Raul Krauthausen: In Krisen zeigt sich wie durch ein Brennglas, wo gesellschaftliche Probleme liegen. Und das Problem, das übergroß wurde, ist: Menschen mit Behinderung sind die ersten, die vergessen wurden und immer noch werden. Sei es beim Thema Impfung, bei der wir als vulnerable Gruppe nicht erkannt und priorisiert wurden, sei es beim Thema barrierefreie Nachrichten, wo die Pressekonferenzen von Jens Spahn und später Karl Lauterbach ohne Gebärdensprachdolmetschung stattgefunden haben, bis hin zum Thema Triage, wo behinderte Menschen die ersten waren, die man hätte sterben lassen.
Außerdem sind durch Corona neue digitale Teilhabemöglichkeiten entstanden und ich sehe die Gefahr, dass Unternehmen jetzt noch seltener für Barrierefreiheit vor Ort sorgen. Wir müssen verhindern, dass der digitale Raum zu einer Art Katzentisch für behinderte Menschen wird, nach dem Motto: “Unsere Räumlichkeit ist nicht barrierefrei, aber du kannst ja online mitmachen.”
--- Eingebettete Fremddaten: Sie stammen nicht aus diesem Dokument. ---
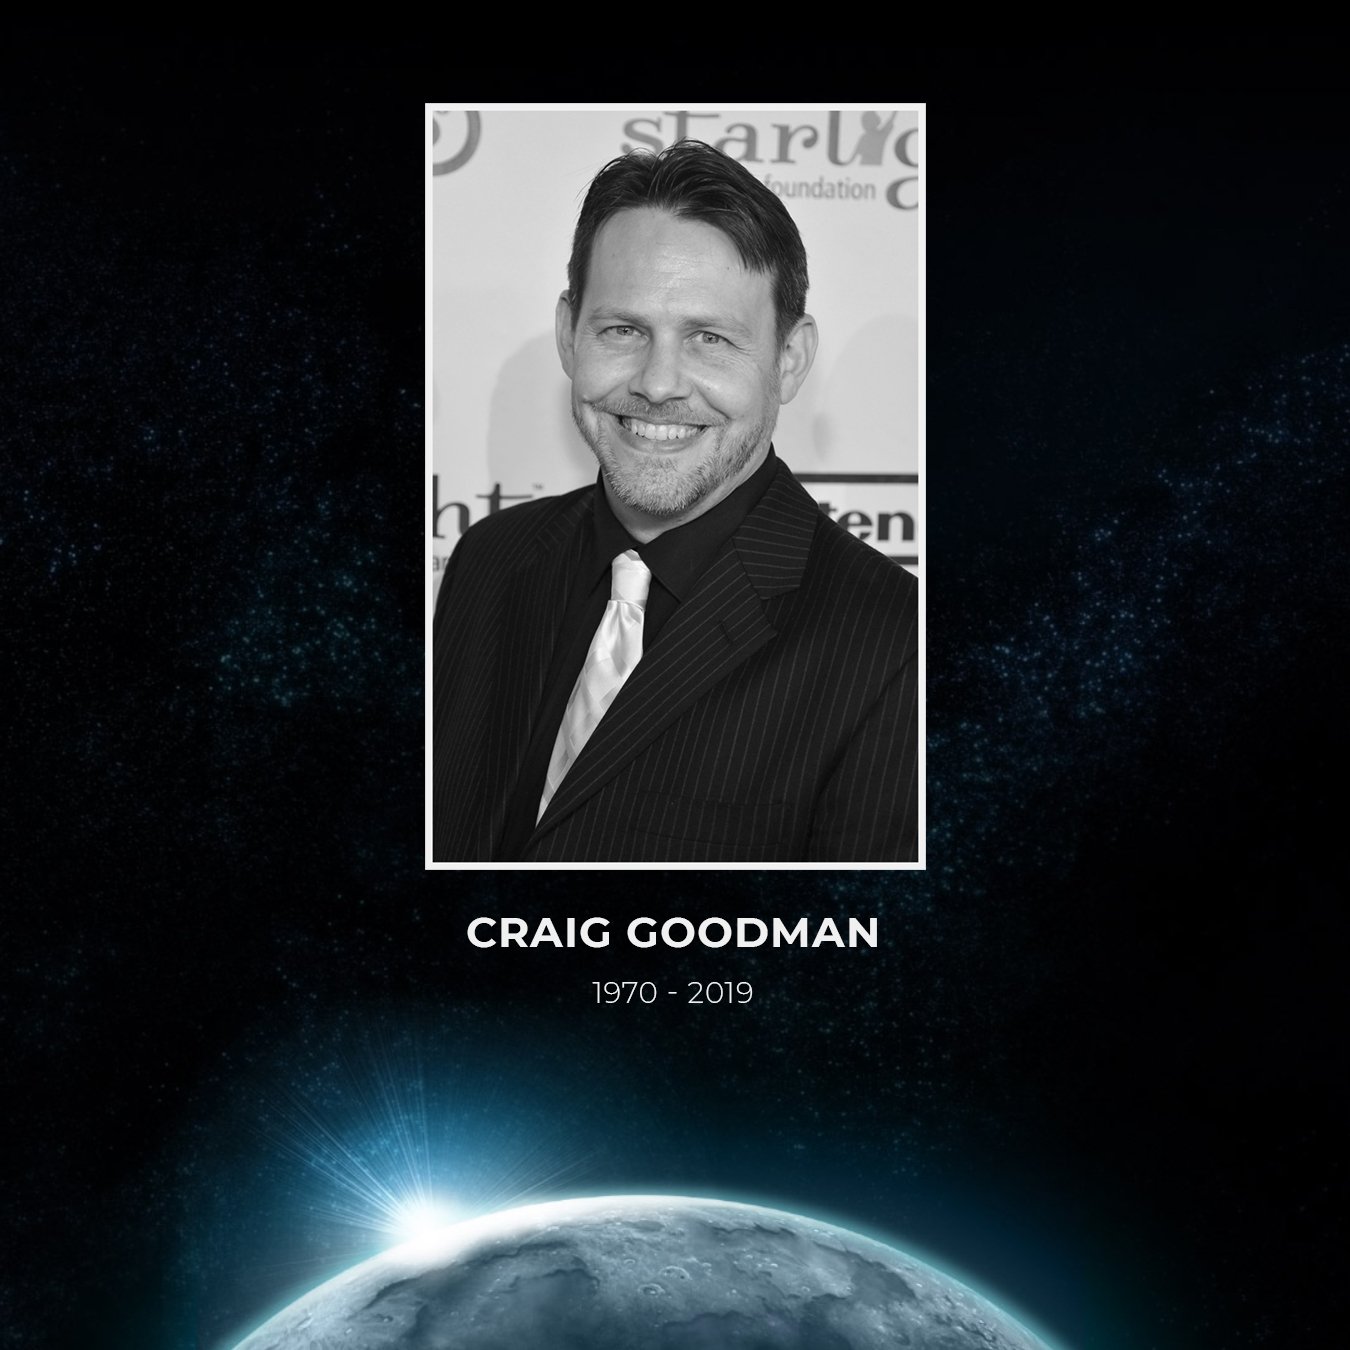 Insom年c老員工Craig Goodman不幸離世 曾參與《漫威蜘蛛人》製作

SFR: Mit welchen Fragen sollten sich Unternehmen in Zukunft stärker auseinandersetzen? Und welche Möglichkeiten haben Unternehmen, um die Themen Inklusion und Barrierefreiheit voranzutreiben?
RK: Das größte Thema ist Barrierefreiheit. Ab 2025 wird sie im Onlinehandel verpflichtend, darum müssen sich Online-Firmen sowieso damit auseinandersetzen. Aber auch über die Pflicht hinaus sollte man behinderte Menschen bei Produkten und Angeboten mitdenken. Einige der gängigsten Innovationen unserer Zeit (Alexa, Kindle, E-Zahnbürste uvm.) sind als Hilfsmittel für behinderte Menschen entstanden und nun aus der Massenkultur nicht wegzudenken. Wenn man uns als Markt begreift (immerhin machen wir 10 Prozent der Bevölkerung aus), kann man sich als Unternehmen sehr gut positionieren und gleichzeitig Produkte schaffen, von denen alle profitieren. Ein erster Schritt ist immer, Betroffene zu fragen, was sie brauchen oder bei bestehenden Angeboten vermissen und dann das eigene Produkt dementsprechend zu entwerfen oder anzupassen. Und dann muss natürlich auch im Laden auf bauliche Barrierefreiheit geachtet werden. Das tollste Angebot bringt nichts, wenn ich mit meinem Rollstuhl nicht reinkomme.
SFR: Welche Chancen ergeben sich aus Ihrer Sicht aus dem gemeinsamen Beratungsangebot vom Sozialheld*innen e.V. und Scholz & Friends?
RK: Ich sehe die Chance, dass durch unsere Kooperation Menschen mit Behinderung mehr im gesellschaftlichen, unternehmerischen und politischen Bewusstsein auftauchen und ernst genommen werden. Denn das Thema Inklusion geht uns alle früher oder später in unserem Leben etwas an. Jeder Elternteil, der einen Kinderwagen schiebt, freut sich über Rampen genauso, wie ein Mensch im Rollstuhl. Die Sozialheld*innen haben schon einige Projekte auf den Weg gebracht, die auch den Mainstream weiterbringen. Daher hoffe ich, dass wir diese Projekte gemeinsam ausbauen und ins allgemeine Bewusstsein befördern können. Oft passieren Veränderungen nicht durch einzelne Projekte und Öffentlichkeitsarbeit, die Politik muss mitziehen. Daher hoffe ich, dass in Zukunft Barrierefreiheit und Inklusion auch in der Privatwirtschaft verpflichtend werden, so dass wir echter Teilhabe und Inklusion einen großen Schritt näherkommen.